На третьем курсе у меня вдруг возникла проблема с зачетом по теории авиационного двигателя. Все уже сдали, а я нет! Ну невзлюбил меня Заруцкий!
После четвертой попытки у меня уже не оставалось надежды быть допущенным до экзаменов и впереди светило отчисление с дальнейшими сборами в ряды вооруженных сил. В институте была военная кафедра, которая давала возможность стать офицером, не перенося стойко тягости и трудности армейской жизни. И мы это ценили!
А Заруцкий знал это и хотел, что бы я эти трудности преодолел. А я этого точно не хотел! Я хотел окончить институт и стать преподавателем с широкими лычками на погонах. А Заруцкий курил, смотрел на меня с прищуром и совсем не слушал, что я там бякаю про этот двигатель. Он-то точно знал, что он знает, то, что я не знаю!
Очередной раз спокойно закрывал мою зачетку и отправлял учить двигатель НК-8-2У, зная, что шансов у меня нет!
На нет и суда нет.
Не буду доводить до читателя прямую речь моих мыслей.
И вдруг слышу.
— Парни! — звучный знакомый голос, как кинжал в спину.
Такое обращение в обычной ситуации было сравнимо с полным концом карьеры студента ГА. Сигарета упала из рук. Не понятно за что, но всегда есть повод. Причины для отчисления были самые разные – длинные волосы, грязные ботинки, неуставная фуражка, грязный китель и прочие нюансы, не соответствующие образу советского авиатора.
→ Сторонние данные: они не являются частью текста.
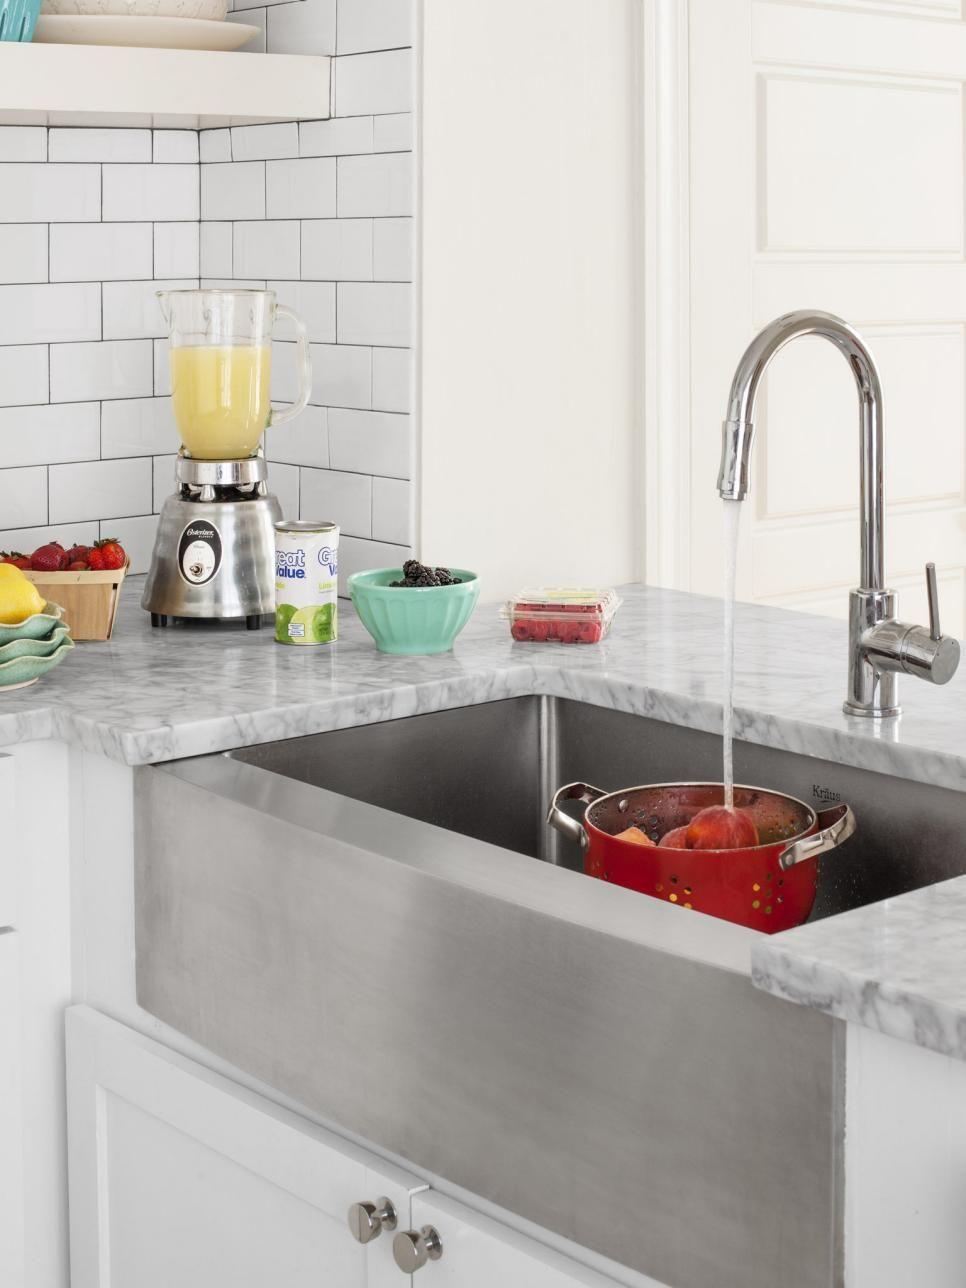 Dxv Hillside 30 Inch Stainless Steel Kitchen Sink Stainless Steel
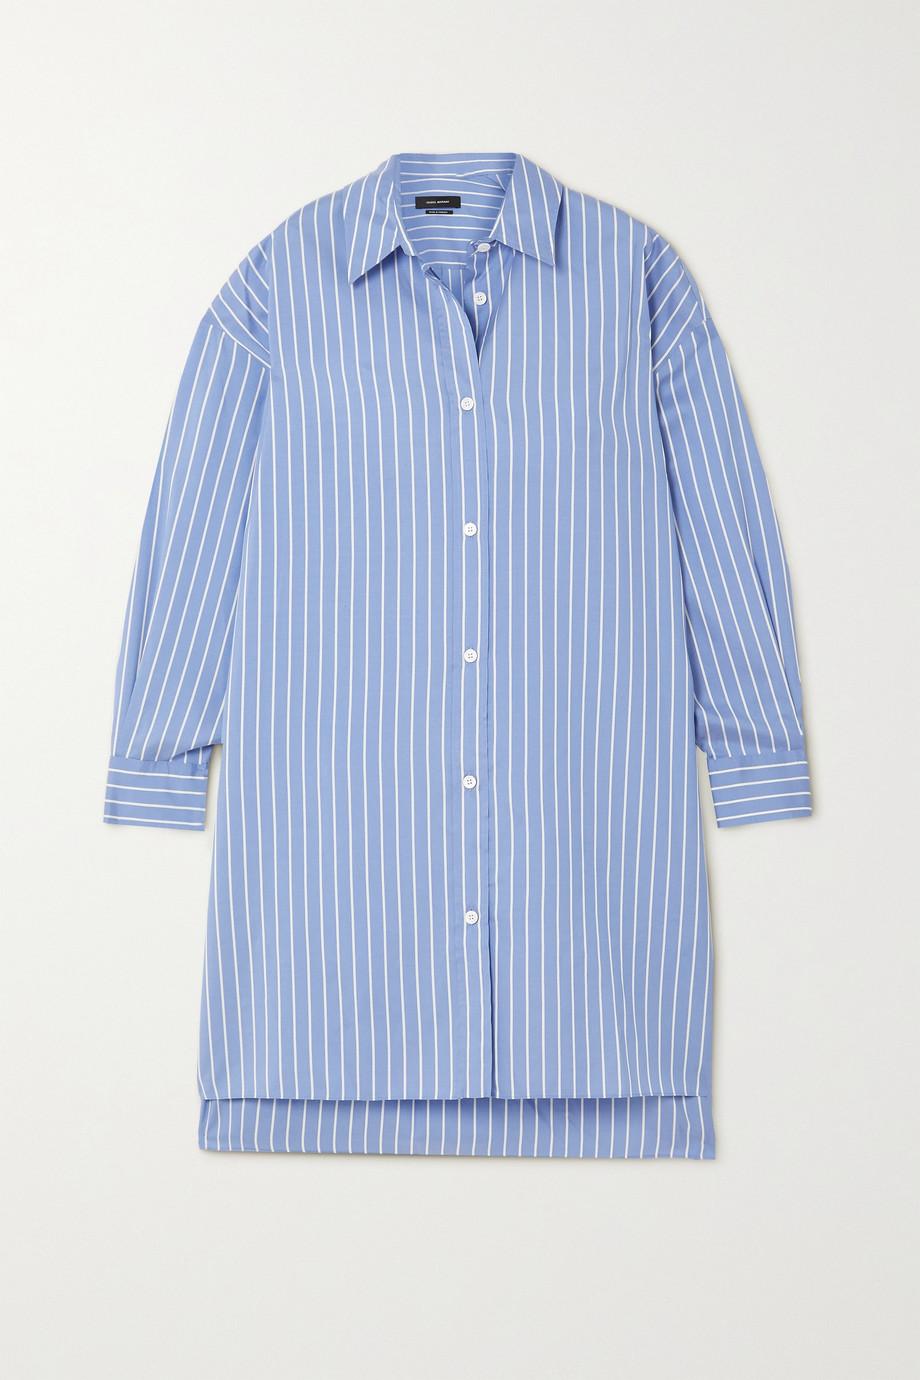 Isabel Marant Macali oversized striped silk shirt

Все эти несоответствия можно было насчитать и у нас. Был бы повод. Но еще была система, и был отбор кадров. Лучших из всех. Этим также занимался высший руководящий состав нашего института. Если ректор Владимиров ловил студента без фуражки, то лично объявлял выговор и лично готовил приказ об отчислении. В этом случае не было никаких апелляций.
О его появлении на улице Ломоносова сразу сигнализировали студенты, что многих спасло от отчисления. Меня он тоже однажды поймал около «Аэлиты», но все кончилось благополучно – я надел фуражку и отдал честь. Рукой. Ему. Этого было достаточно, чтобы остаться в строю авиаторов. Устный выговор от ректора навсегда лишил меня желания соблюдать форму одежды. И я ее по-прежнему не соблюдал. Молодежные течения были выше уставов.
Хороший был руководитель, жаль, что вскоре партократы убрали его с должности. Следующего не помню. А если вспомнить всю советскую систему обучения, которая безоговорочно была лучшей в мире, то можно обидеть тех, которые учатся сейчас. Надо знать главное: если учить все, то не выучишь ничего.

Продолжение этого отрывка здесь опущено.